Brytyjskie PMI również wzrosło powyżej prognoz (56,6 pkt wobec 56,1 pkt), jednak reszta danych z Wielkiej Brytanii rozczarowała. W styczniu zaakceptowano 48,2 tysiące wniosków o kredyt hipoteczny a spodziewano się spadku ich liczby jedynie do poziomu 50 tysięcy z raportowanych w grudniu 58,2 tysięcy. Większemu od prognoz ograniczeniu uległa również podaż pieniądza w pierwszym miesiącu 2010 roku (4,9% r/r wobec oczekiwanych 5,1% r/r oraz 6,6% r/r w grudniu). Jednak nie tylko te informacje doprowadziły do tego, że brytyjski funt był dzisiaj najdynamiczniej tracącą na wartości walutą z tych należących do najbardziej uprzemysłowionych gospodarek. Pojawiły się spekulację, że obecna sytuacja fiskalno-budżetowa na Wyspach przypomnianą tą w Grecji sprzed obecnego kryzysu (trwającego już od listopada 2009 roku). Dodatkowo nie ma pewności jaka opcja polityczna zwycięży w tegorocznych wyborach parlamentarnych co dodatkowo rodzi presję na deprecjację funta sterlinga. Nie bez znaczenia była również publikacja
rozczarowujących wyników przez brytyjskiego giganta finansowego HSBC, którego całoroczny zysk w kończącym się roku rozrachunkowym wyniósł 5,83 mld USD wobec oczekiwanych 7,76 mld USD oraz 5,73 mld USD w roku poprzednim.
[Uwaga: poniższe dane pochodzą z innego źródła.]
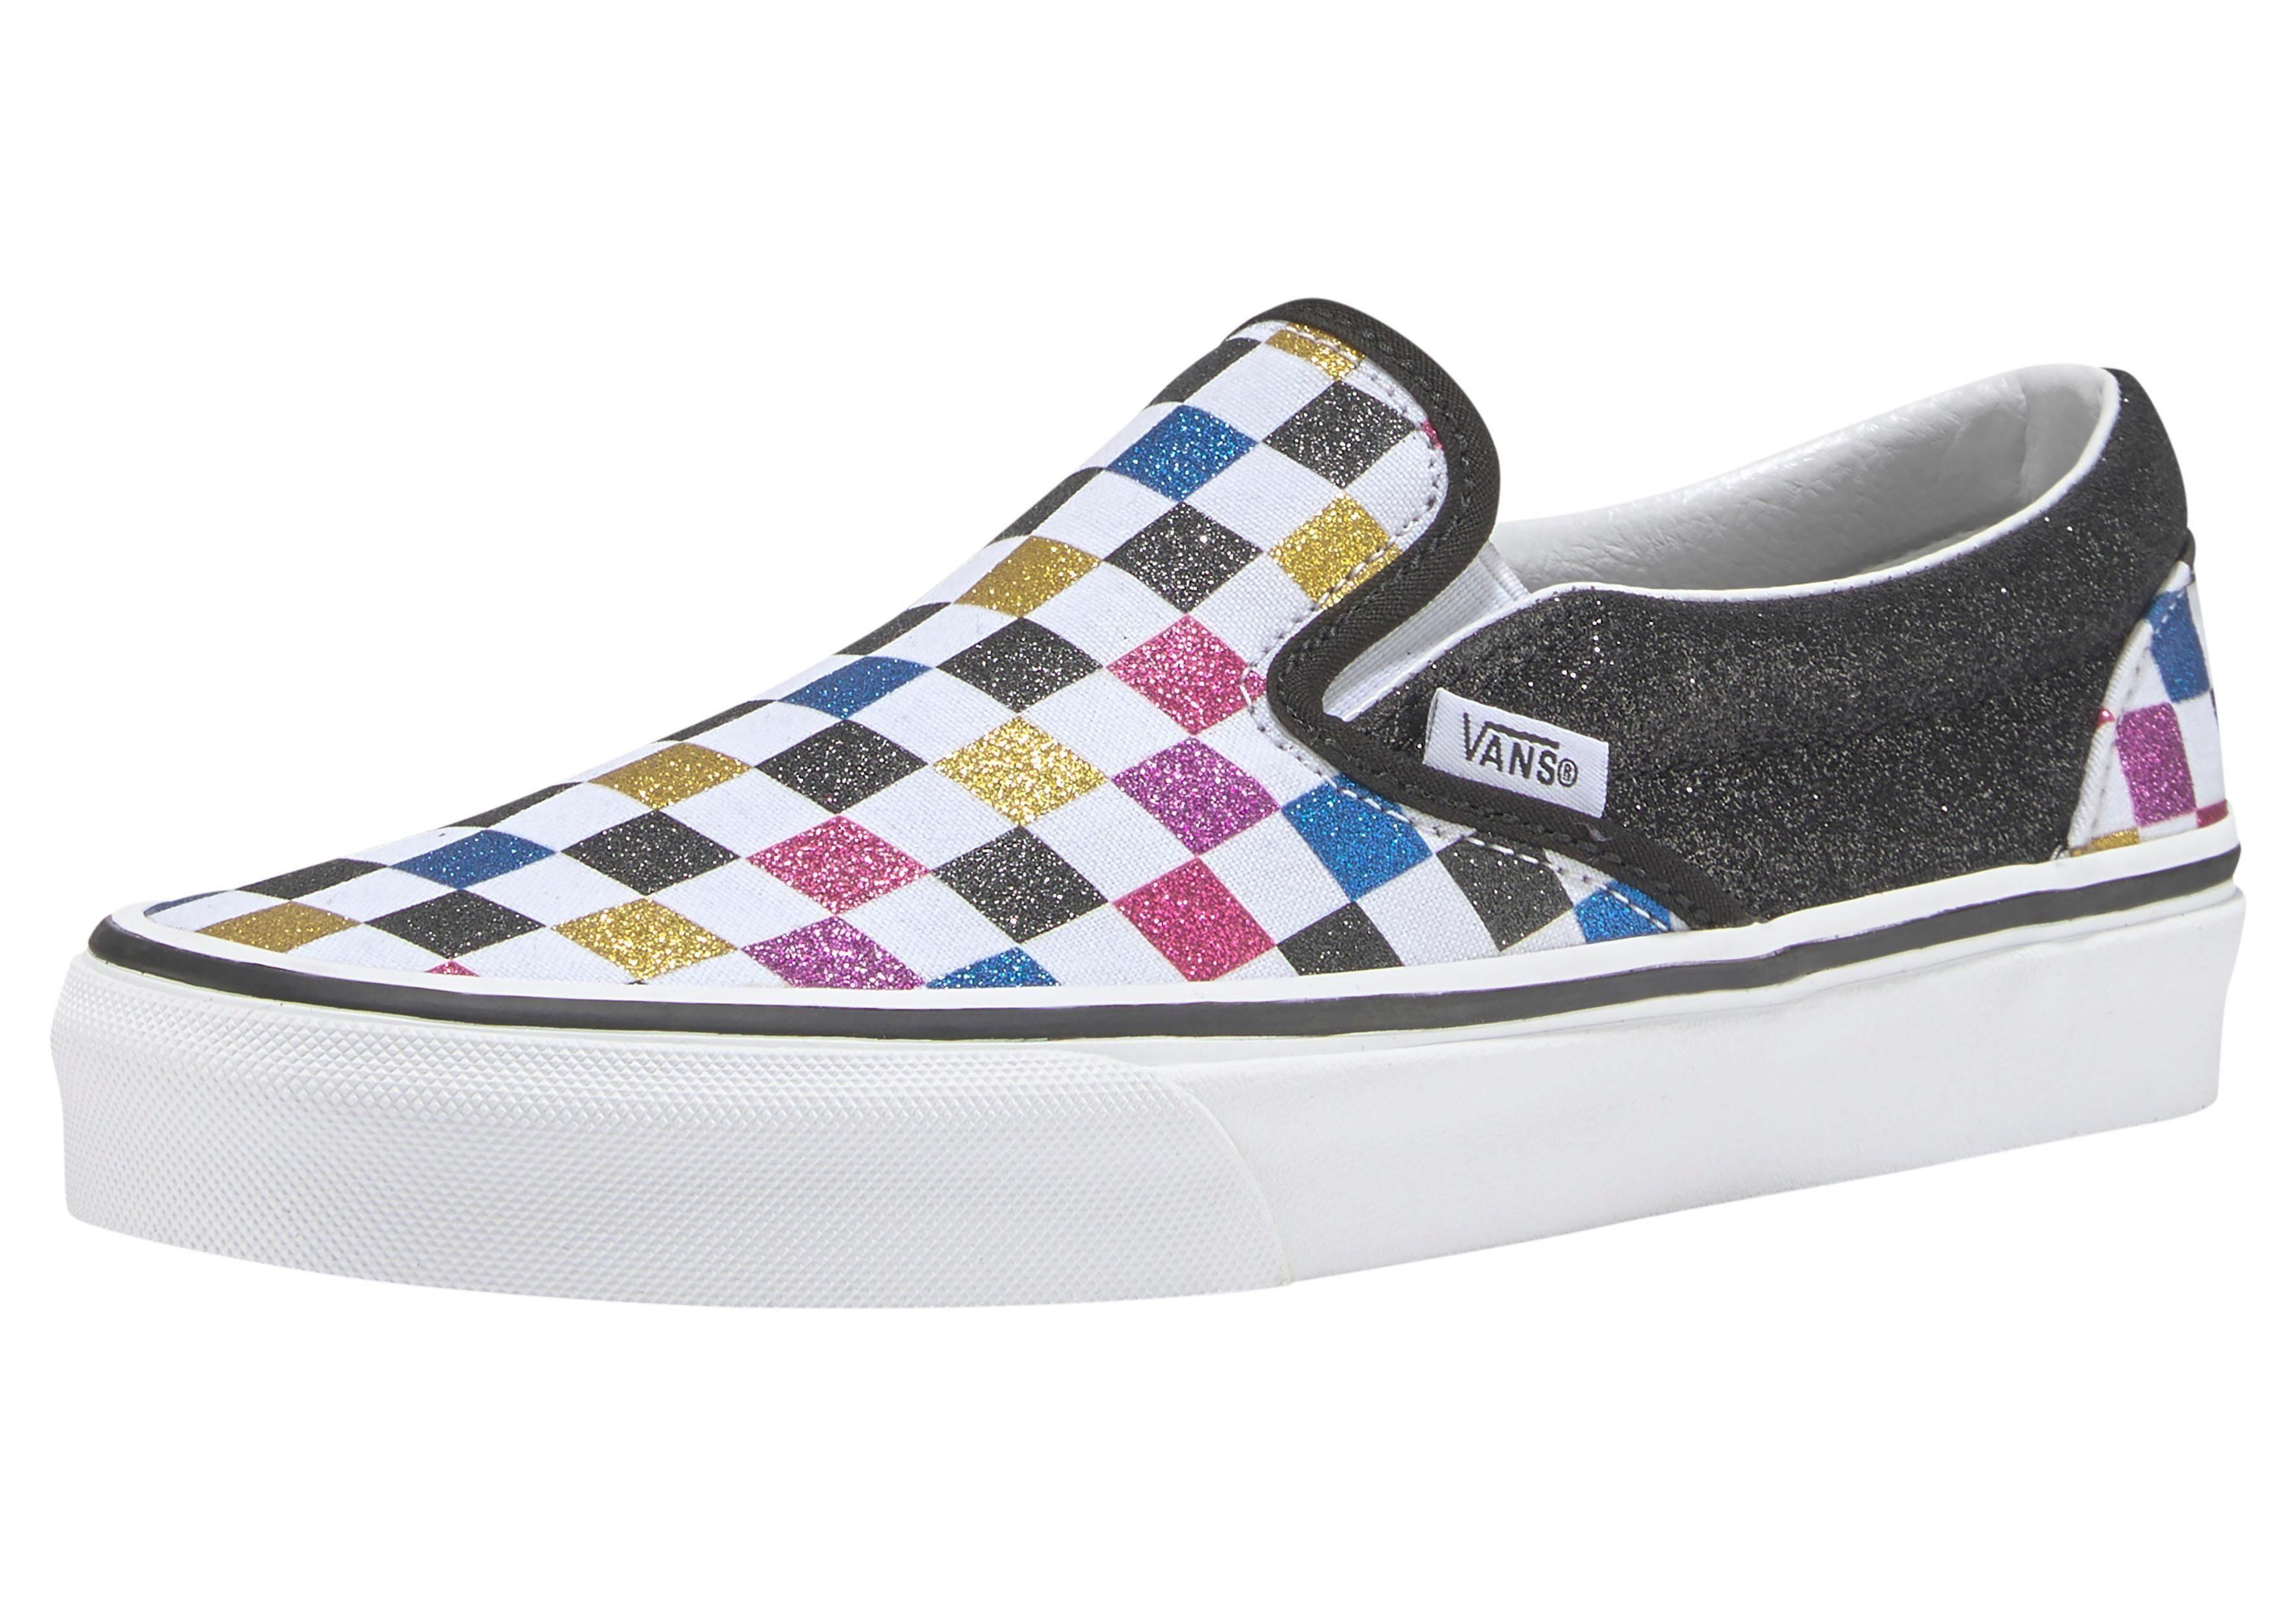 Vans »Classic Slip On Checkerboard« Sneaker kaufen | OTTO

Mieszane dane ze Stanów Zjednoczonych W styczniu, czwarty miesiąc z rzędu wzrosły wydatki Amerykanów, tym razem o 0,5% m/m wobec prognozowanego wzrostu o 0,3% m/m. Może to stanowić optymistyczną przesłankę na przyszłość. Jednocześnie jednak dochody Amerykanów wzrosły w tym samym okresie jedynie o 0,1% m/m a spodziewano się wzrostu tej figury o 0,3% m/m. Lutowy indeks ISM dla sektora przemysłowego siódmy miesiąc z rzędu potwierdził rozwój tej gałęzi amerykańskiej gospodarki, która dzięki wzrostowi popytu zewnętrznego może stanowić siłę napędową wychodzenia Stanów Zjednoczonych z recesji. Mimo wszystko odczyt na poziomie 56,5 pkt był niższy od prognoz (57,5 pkt ) oraz odczytu grudniowego – 58,4 pkt. W styczniu ponownie spadły wydatki na inwestycje budowlane (-0,6% m/m wobec prognoz na poziomie
-0,9% m/m oraz -1,2% m/m poprzednio). Odczyt nieco lepszy od oczekiwań nie może jednak świadczyć na korzyść nadal mało dynamicznie wychodzącego z kryzysu amerykańskiego rynku nieruchomości. Te mieszane dane z amerykańskiej gospodarki nie zaszkodziły jednak nastrojom na rynkach kapitałowych. Amerykański dolar pomimo wzrostów na giełdach umocnił się wobec wspólnej waluty. Fakt ten mógł między innymi wynikać z braku wystarczająco silnych impulsów fundamentalnych do wybicia się kursu eurodolara górą z konsolidacji 1,3480 – 1,3650. Rynek krajowy Dzisiaj inwestorzy polscy poznali jedynie odczyt lutowego indeksu PMI dla sektora przemysłowego. Wyniósł on 52,4 pkt wobec prognozowanych 51,9 pkt oraz 51 pkt w grudniu. Informacja ta była jednym czynników, które spowodowały konsolidację polskich par walutowych blisko lokalnych minimów (szczególnie pary EUR/PLN). Polskiej walucie sprzyjały również dobre nastroje na rynkach kapitałowych.